The topic of the Master’s thesis project and the case study will be selected by students in consultation with supervisors and the examiner at SLU.

The course comprises training in collaboration, project management and process facilitation between different stakeholders in dynamic surroundings. The course is divided into two parts:

Part 1 "Systems of knowledge and learning" includes:
- Different approaches to knowledge such as scientific knowledge, rural (popular) knowledge based on experience and cultural knowledge.

- Approaches to share and gain knowledge such as transfer of knowledge, experiential learning/learning in action and introspective and third loop learning.

- Scientific knowledge traditions and rationalities such as social science, natural science, interdisciplinarity, multidisciplinarity and transdisciplinarity.

- Rural peoples’ knowledge and rationalities.

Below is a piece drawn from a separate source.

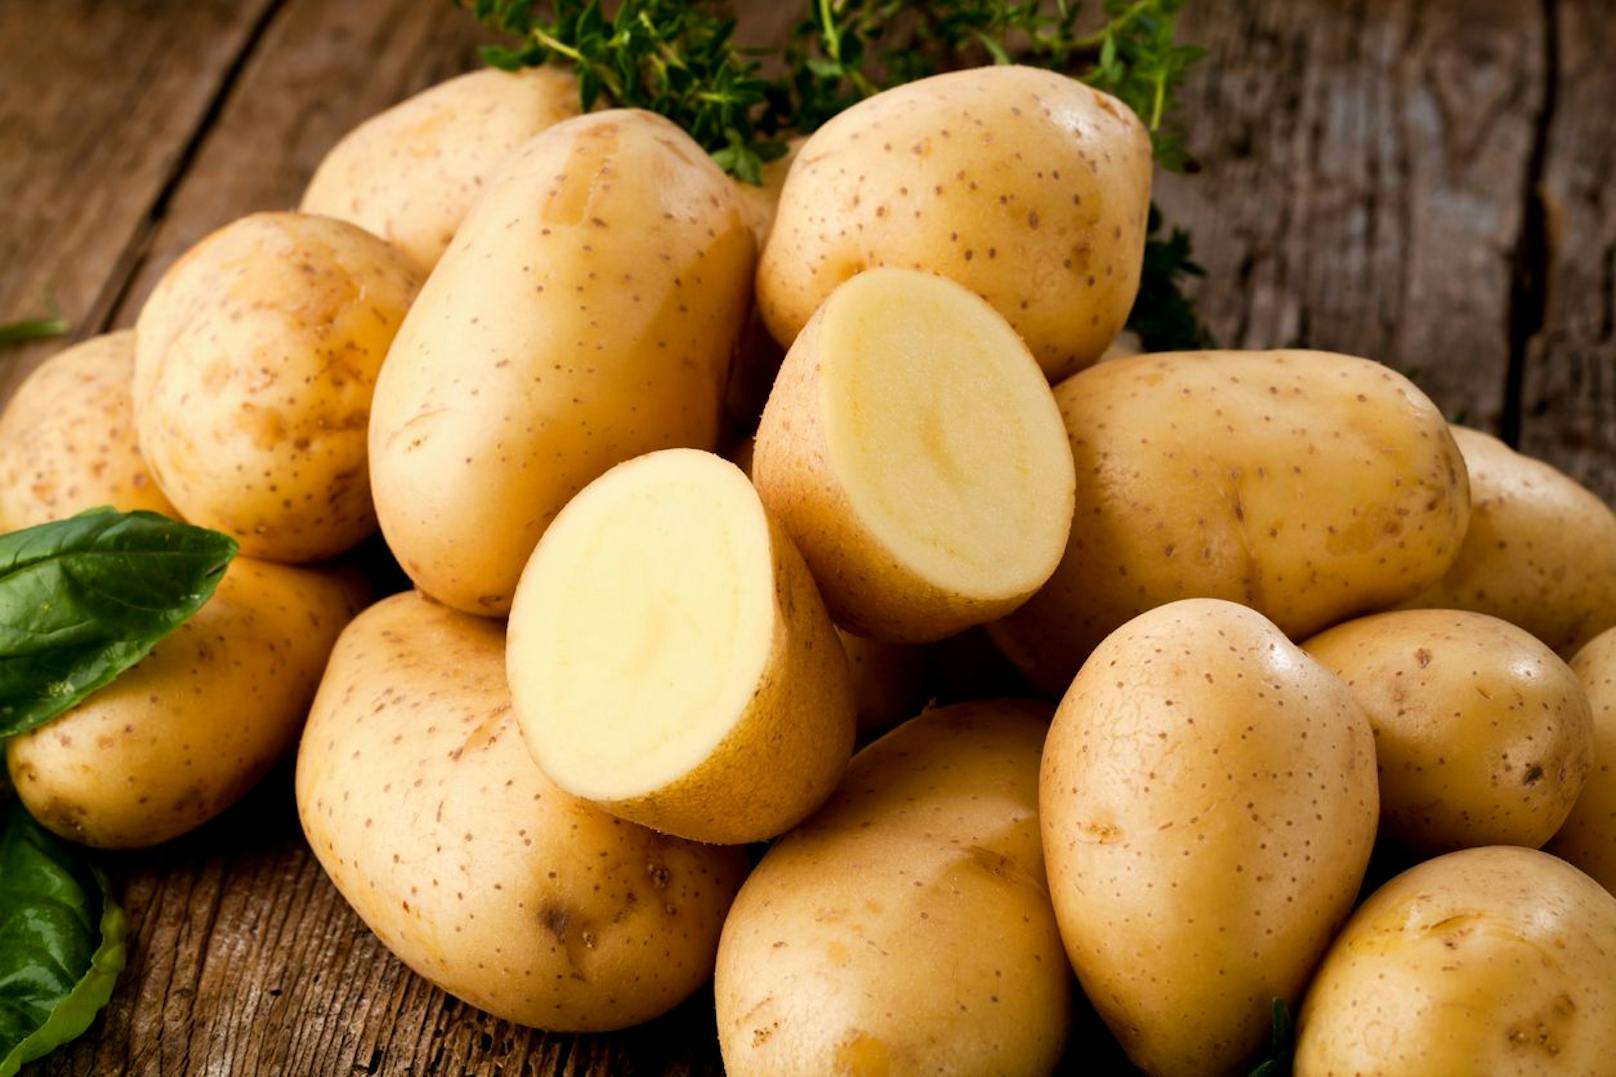 Alte Kartoffeln wirken gut gegen stark verschmutzte oder eingebrannte Töpfe und Pfannen. Mit ein wenig Salz kann eine halbierte Kartoffel dank der enthaltenen Stärke Verfärbungen entfernen. 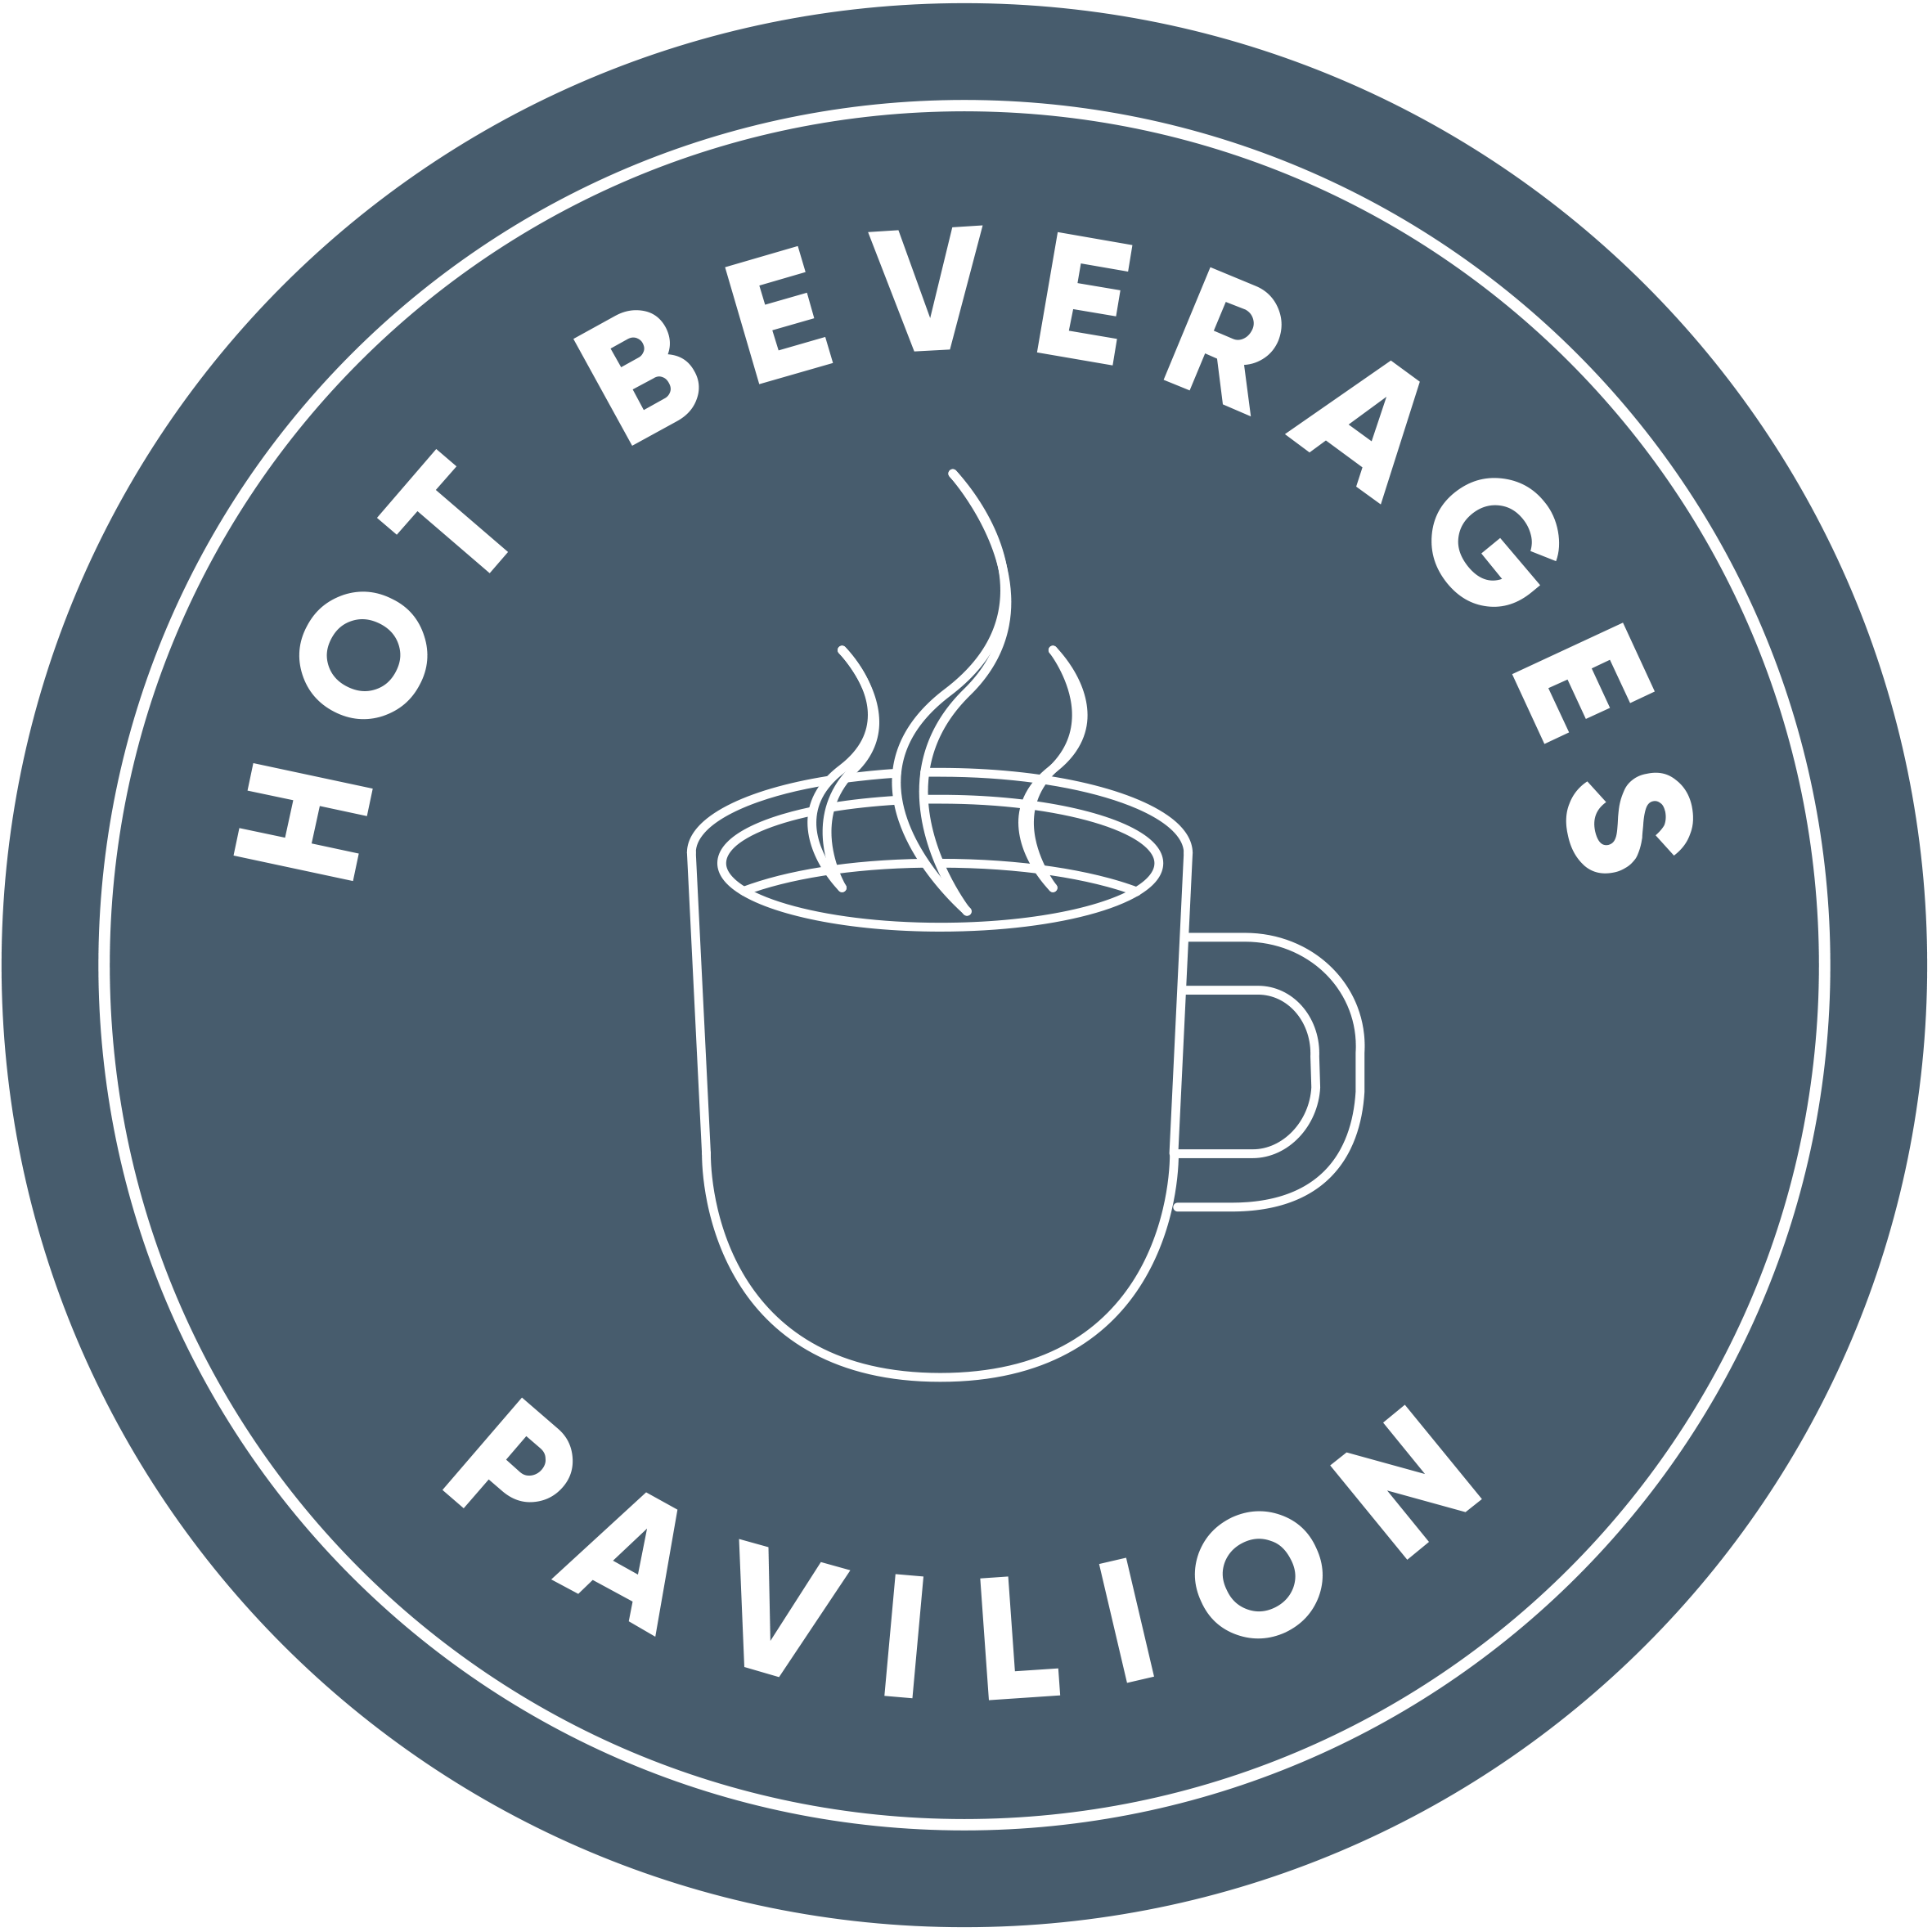 Hot Beverages Pavilion Roundel

- Methods and tools for learning and knowledge generation such as quantitative science methods, qualitative science methods, PLAR (Participatory Learning and Action Research) methods, experiential learning.

Part 2 "Project Management and Process Facilitation" includes:
- Understanding of basic similarities and differences between a project and a process and of how to carry out management and facilitation.

- Theory on project management and process facilitation, including planning and decision-making, collaboration and group dynamics, conflicts and conflict management, documentation, monitoring, evaluation and reporting.

- Farmers’ perspectives on projects.

- Organisational project and process views, including the roles of a project leader and a facilitator.